The sequence is identified by the notation (gcc)gccRccAUGG, which summarizes data analysed by Kozak from a wide variety of sources (about 699 in all)[2] as follows:
- a lower-case letter denotes the most common base at a position where the base can nevertheless vary;
- upper-case letters indicate highly conserved bases, i.e. the 'AUGG' sequence is constant or rarely, if ever, changes, with the exception being the IUPAC ambiguity code [3] 'R' which indicates that a purine (adenine or guanine) is always observed at this position (with adenine being claimed by Kozak to be more frequent); and
- the sequence in parentheses (gcc) is of uncertain significance.
Kozak's paper was limited to a subset of vertebrates (i.e. human, cow, cat, dog, chicken, guinea pig, hamster, mouse, pig, rabbit, sheep, and xenopus).
Contents
Introduction[edit]
This sequence on an mRNA molecule is recognized by the ribosome as the translational start site, from which a protein is coded by that mRNA molecule. The ribosome requires this sequence, or a possible variation (see below) to initiate translation. The Kozak sequence is not to be confused with the ribosomal binding site (RBS), that being either the 5' cap of a messenger RNA or an Internal ribosome entry site (IRES).
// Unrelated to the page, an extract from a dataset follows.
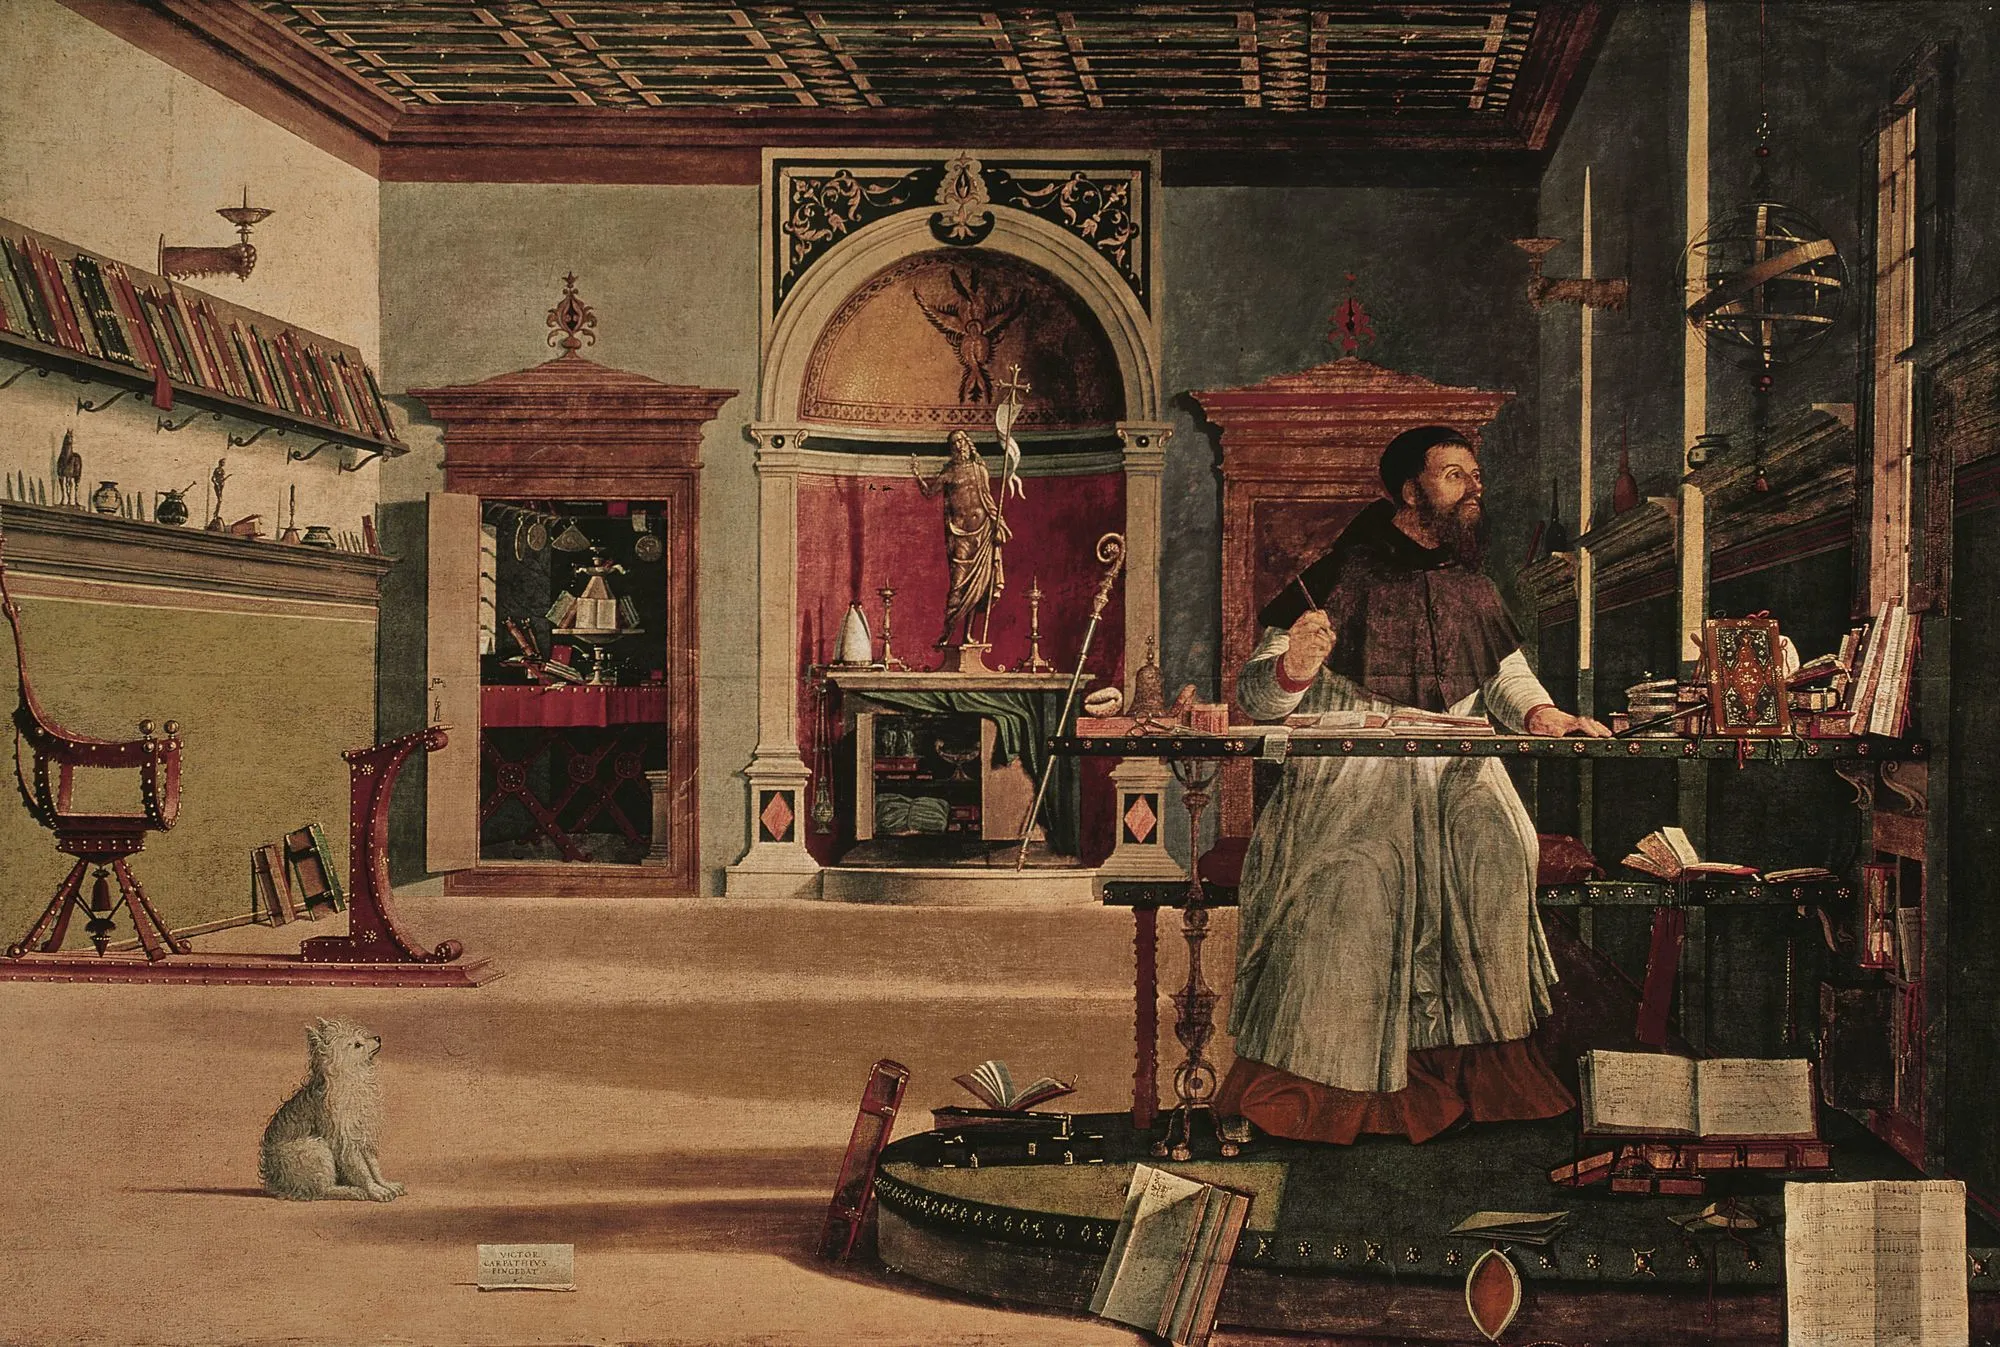 Vittore Carpaccio, La Vision de saint Augustin, 1502, huile sur toile, 144 × 202 cm, Scuola di San Giorgio degli Schiavoni, Venise.

In vivo, this site is often not matched exactly on different mRNAs and the amount of protein synthesized from a given mRNA is dependent on the strength of the Kozak sequence.[4] Some nucleotides in this sequence are more important than others: the AUG is most important because it is the actual initiation codon encoding a methionine amino acid at the N-terminus of the protein. (Rarely, GUG is used as an initiation codon, but methionine is still the first amino acid as it is the met-tRNA in the initiation complex that binds to the mRNA.) The A nucleotide of the "AUG" is referred to as number 1. For a 'strong' consensus, the nucleotides at positions +4 (i.e. G in the consensus) and -3 (i.e. either A or G in the consensus) relative to the number 1 nucleotide must both match the consensus (there is no number 0 position). An 'adequate' consensus has only 1 of these sites, while a 'weak' consensus has neither. The cc at -1 and -2 are not as conserved, but contribute to the overall strength.[5] There is also evidence that a G in the -6 position is important in the initiation of translation.[1]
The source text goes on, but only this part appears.